The analogy to social insurance is apparent. This is another case in which individual action tends to unravel because the solution to the problem has an all-or-nothing character—what economists call increasing returns to scale—and because each individual’s action affects other individuals’ decisions directly, and not through prices—what economists call externalities. Individuals are asked to take a chance that is just too risky for each of them alone. Coordination at the center is required. A free-market economist would see this. A free-market ideologue would not.

7.

The standard argument for leaving all the responsibility and decisions to the individual in the free market is that, in appropriate circumstances, that is the route, and maybe the only practical route, to economic “efficiency.” Any interference is a “distortion,” and the consequence of such distortion is that the economy produces less than it could. (A more up-to-date version is that messing with the atomistic market tends to cripple “innovation,” but we actually know little about how that works, in either direction.)

One standard counterargument is that the circumstances are not always appropriate.
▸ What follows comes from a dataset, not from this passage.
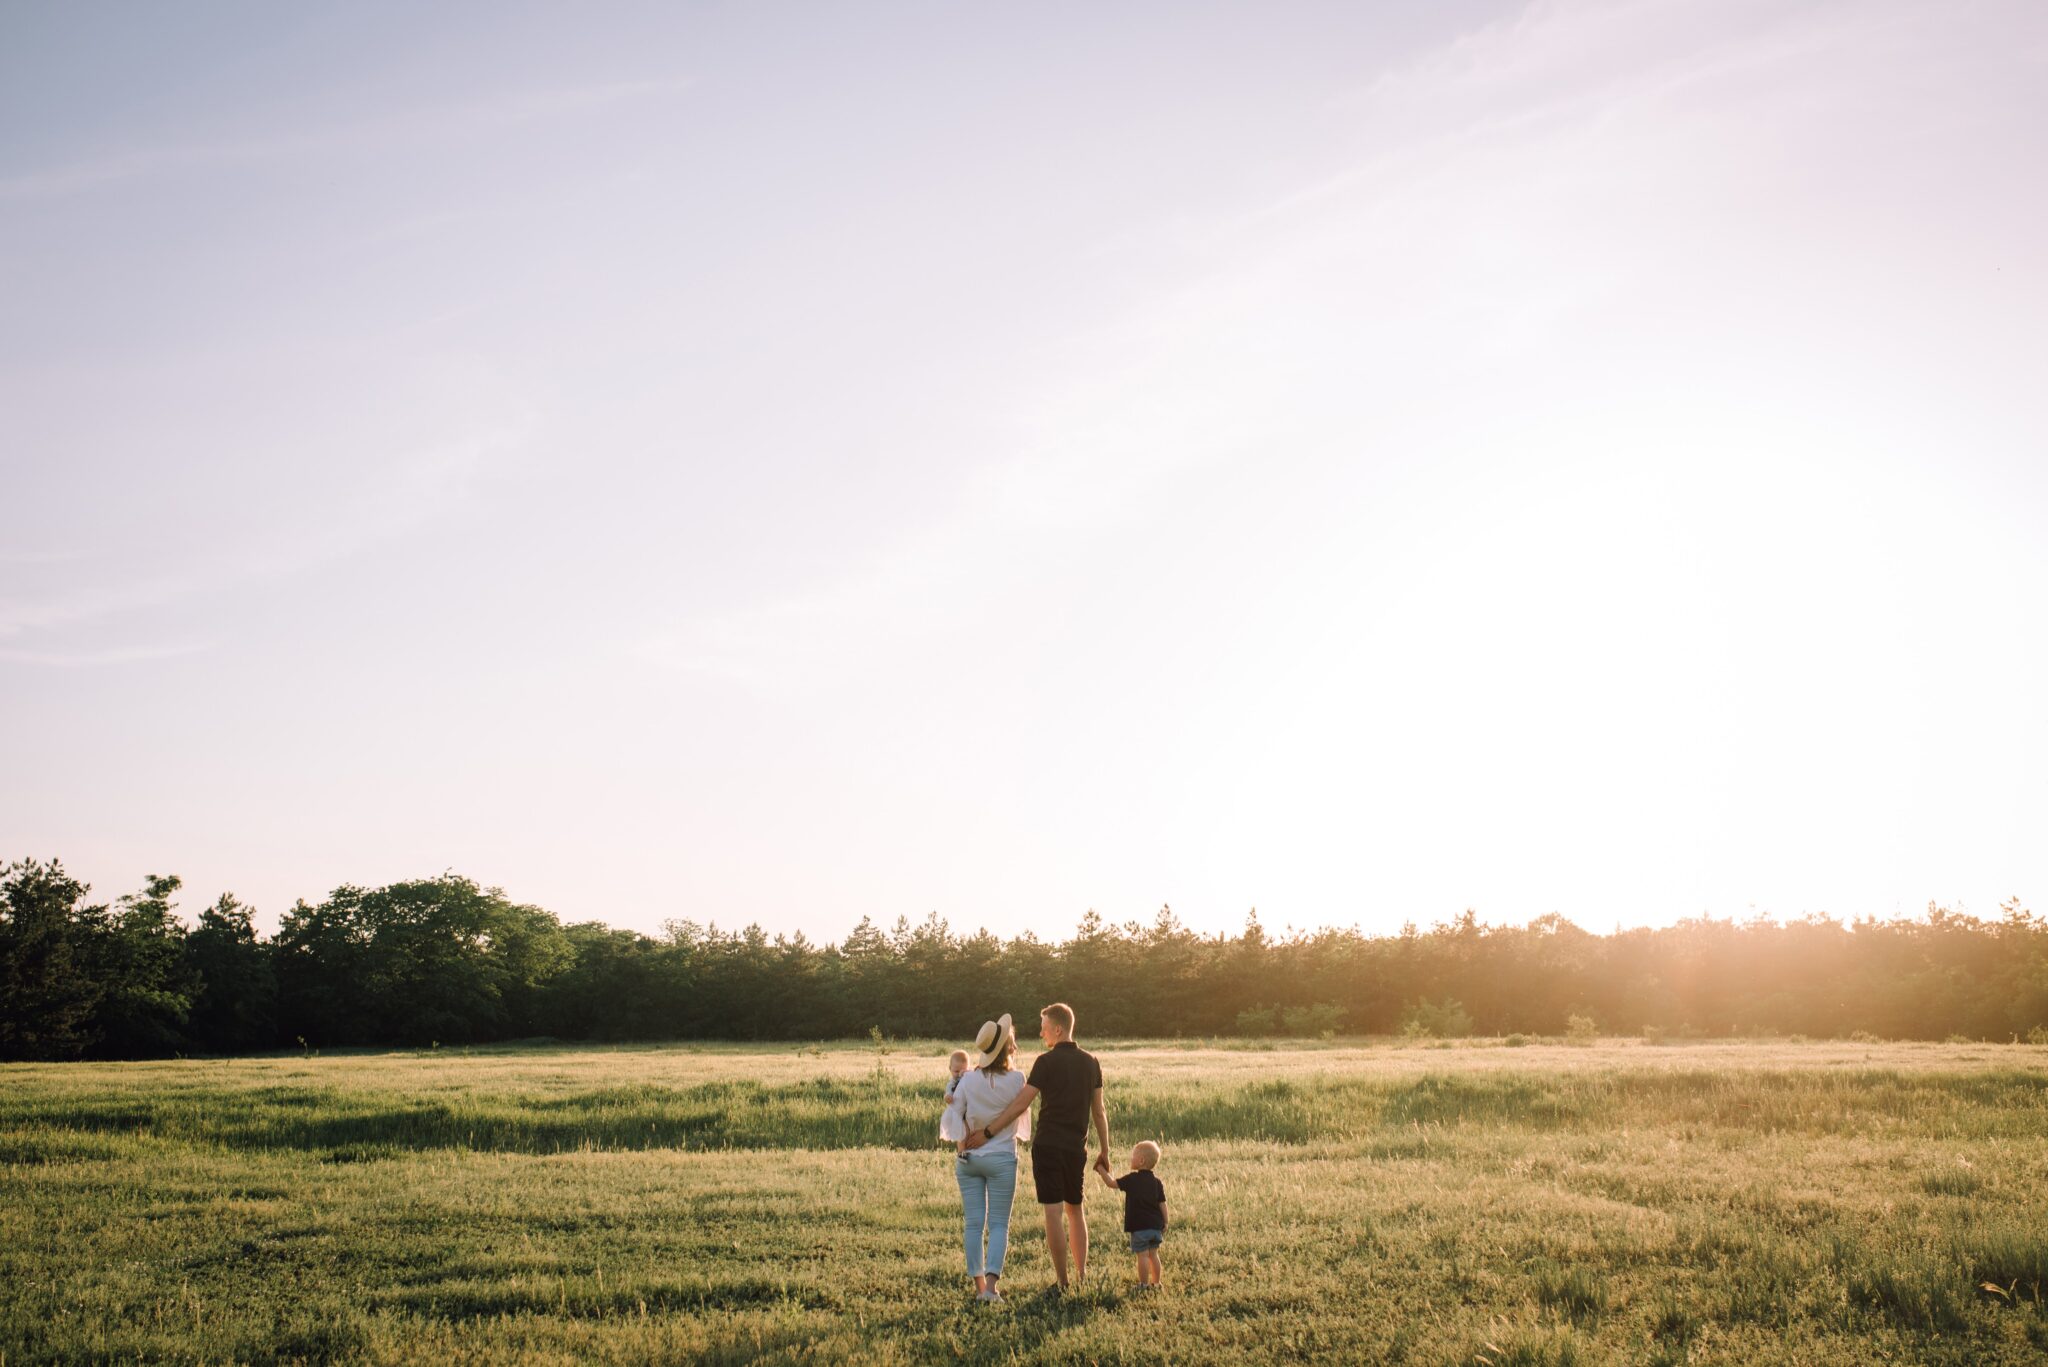 Family walking in a grass field

The classic example is that private economic activity, for instance, the burning of coal or oil in furnaces or cars, may damage everyone’s environment by emitting carbon dioxide and changing the climate. In those cases, and there are many, market prices give the wrong signals; regulation or taxation or subsidization is justified precisely to restore efficiency. The New Orleans story is another illustration of this point: perceptive government intervention could have done much to assure the rebuilding of the city.

But efficiency is not the issue here, at least not the main issue. The transfer of risk from social and private institutions to individuals transfers a burden, mainly from the strong to the weak. That is primarily an issue of equity. It will surely become more urgent in current circumstances, perhaps urgent enough to be seen as a central political issue. Suppose that the best way to relieve that burden is by sharing the risk through universal social insurance. The premium then has to be a tax, a tax on work or enterprise, or some productive activity, and such a tax is a distortion, a source of inefficiency, a true cost to society. What then? I know what Gosselin would say: a society that won’t pay a small cost to preserve equitable and fair treatment of, among others, the sick, the old, the unemployed, and the victims of natural disaster is not much of a society. Is that a minority view?